◆ **INFORMATION SUPPLIED**:
______

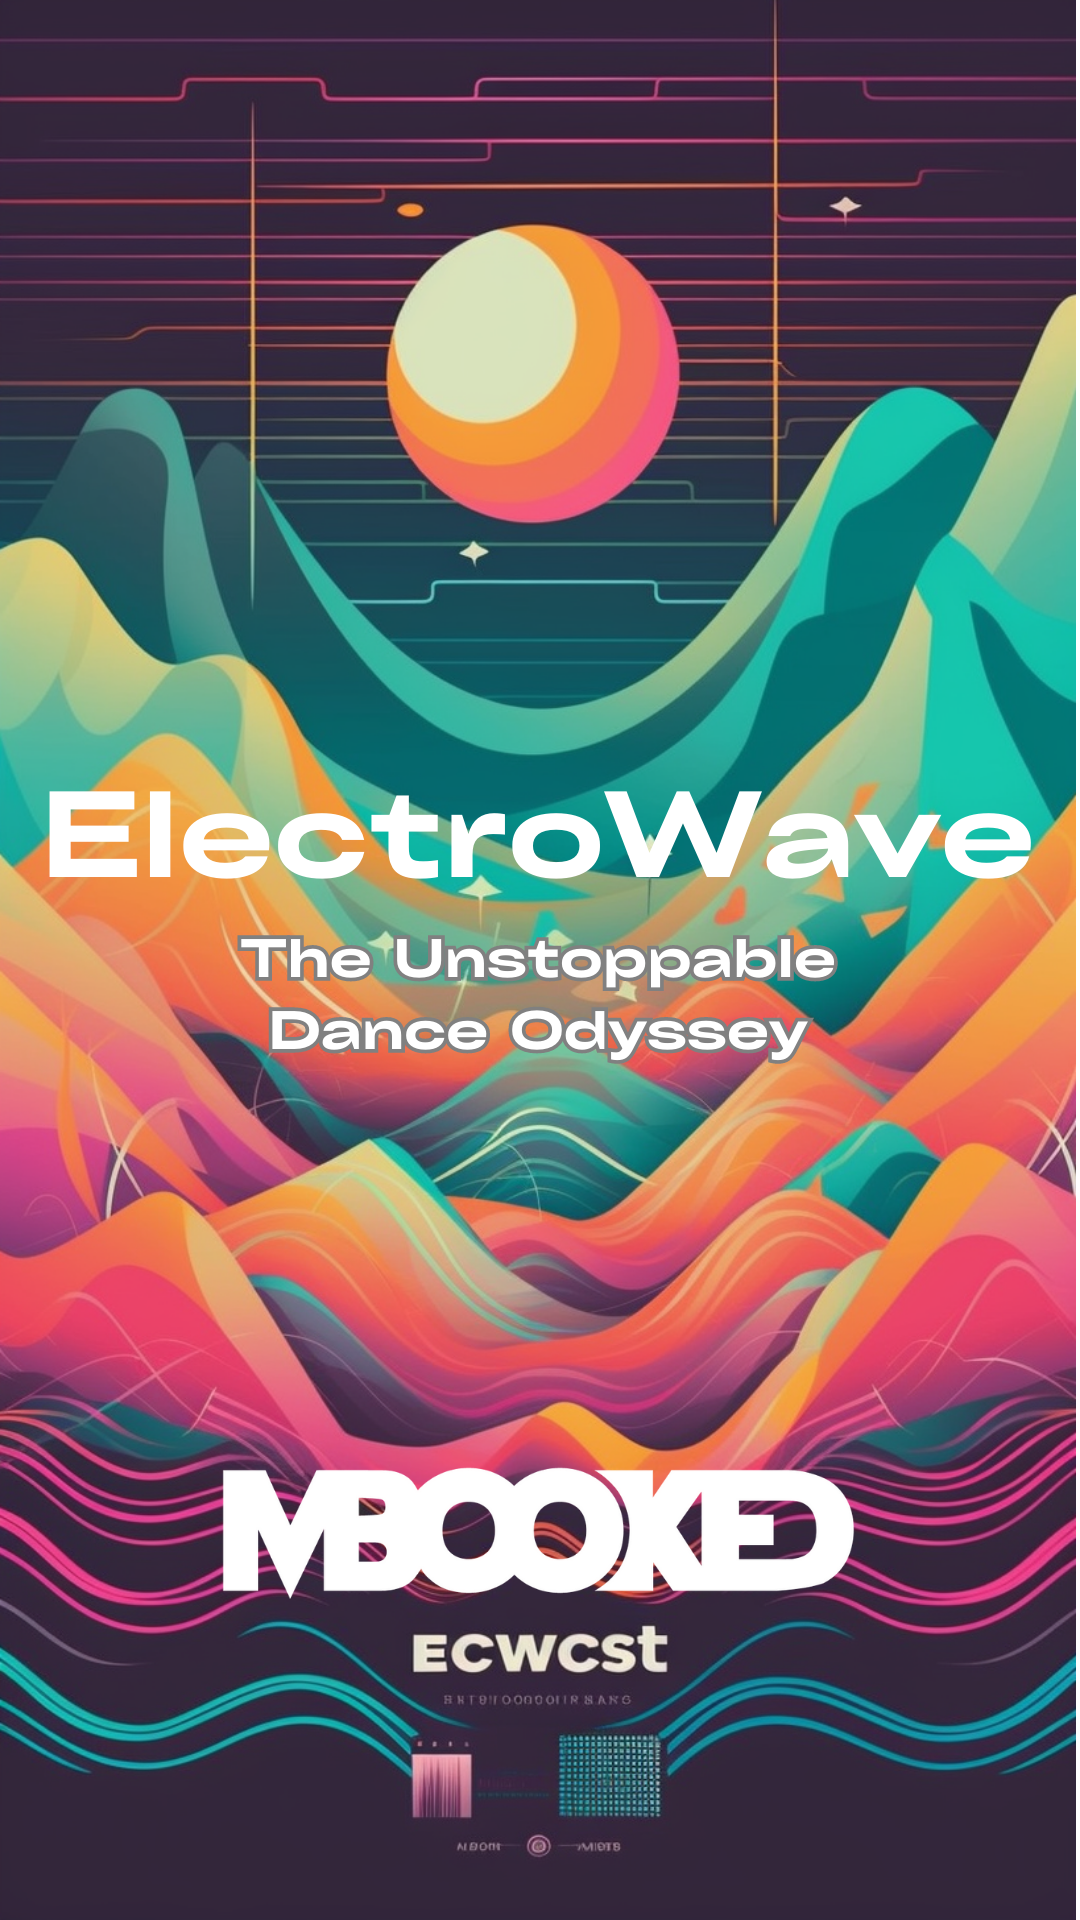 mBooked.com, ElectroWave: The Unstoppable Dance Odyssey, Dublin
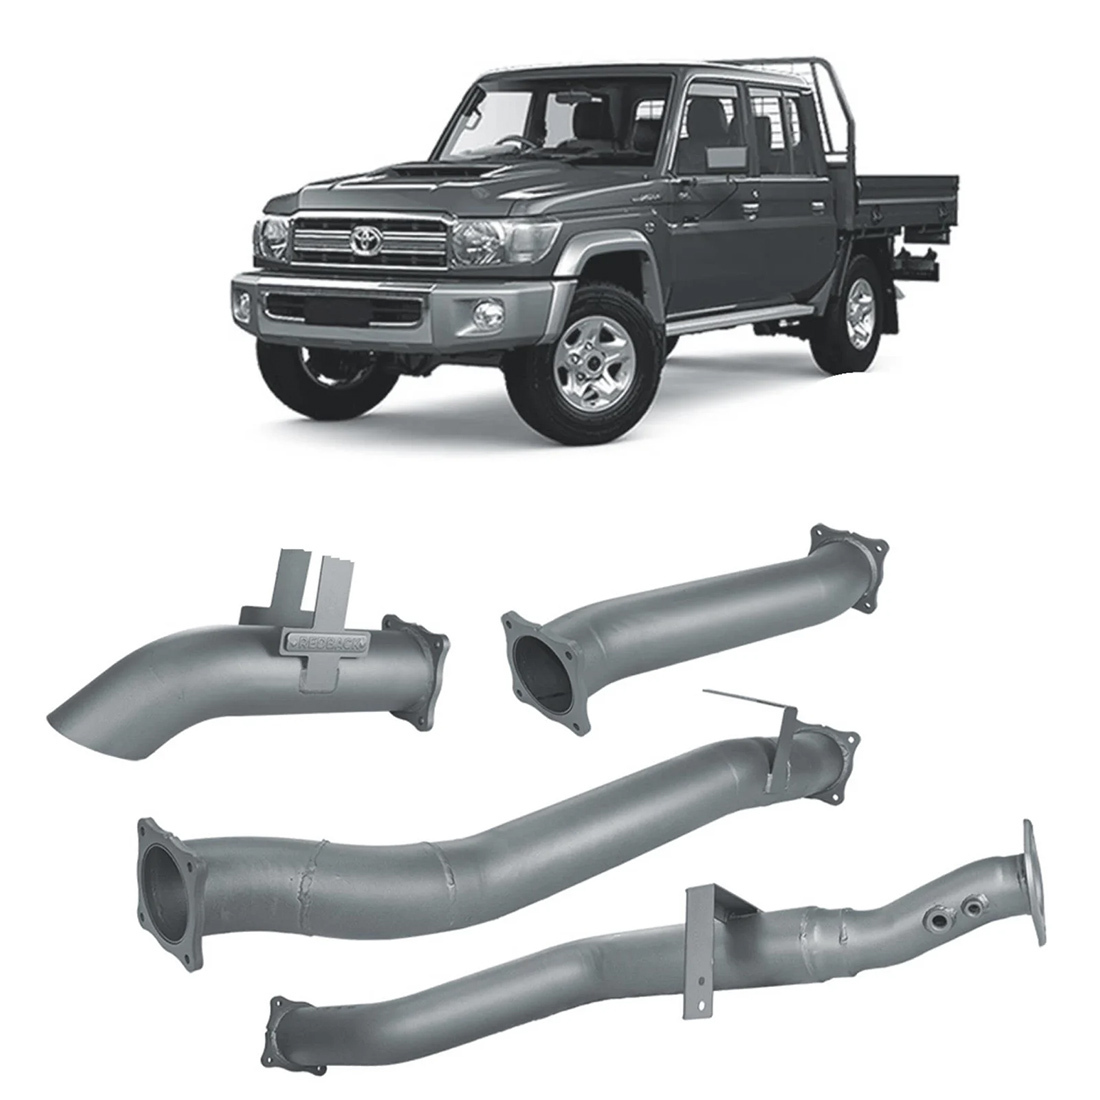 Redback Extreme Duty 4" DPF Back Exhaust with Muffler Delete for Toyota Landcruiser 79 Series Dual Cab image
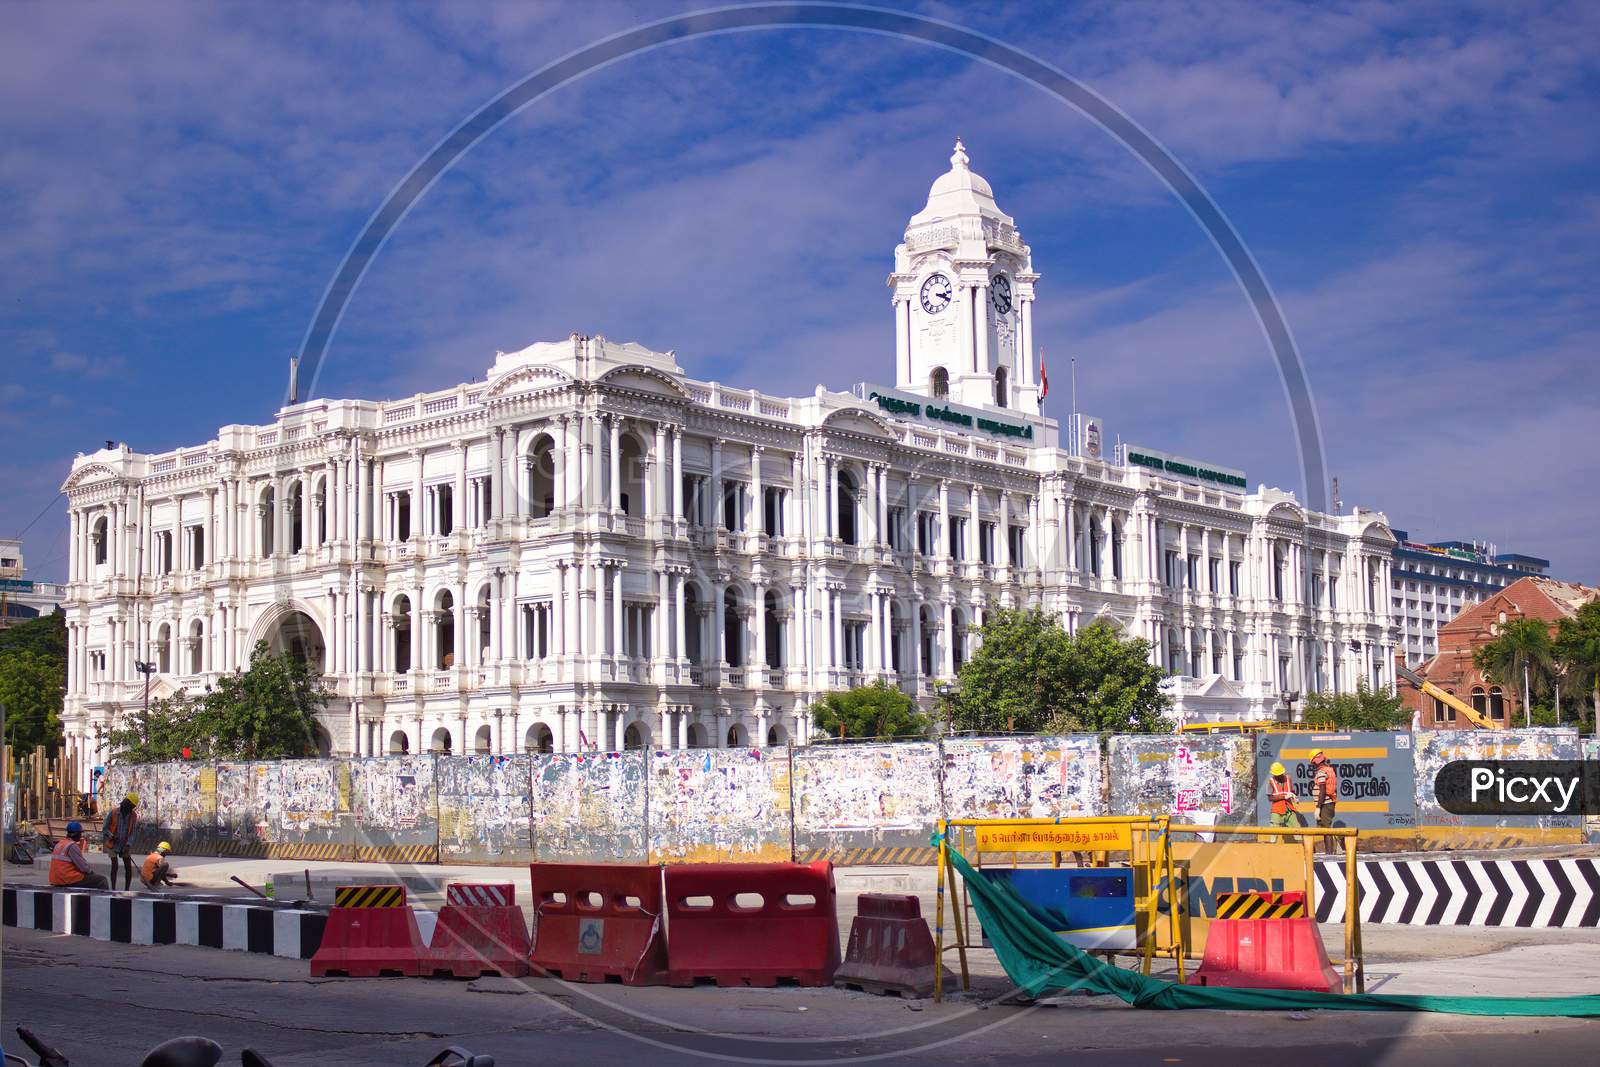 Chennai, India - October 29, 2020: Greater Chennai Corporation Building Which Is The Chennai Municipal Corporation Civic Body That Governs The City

______

◆ **TASK**: Please output the material above again, exactly, and omit every image.

◆ **EXERCISE SOLUTION**:
 mBooked.com, ElectroWave: The Unstoppable Dance Odyssey, Dublin
 Redback Extreme Duty 4" DPF Back Exhaust with Muffler Delete for Toyota Landcruiser 79 Series Dual Cab image
 Chennai, India - October 29, 2020: Greater Chennai Corporation Building Which Is The Chennai Municipal Corporation Civic Body That Governs The City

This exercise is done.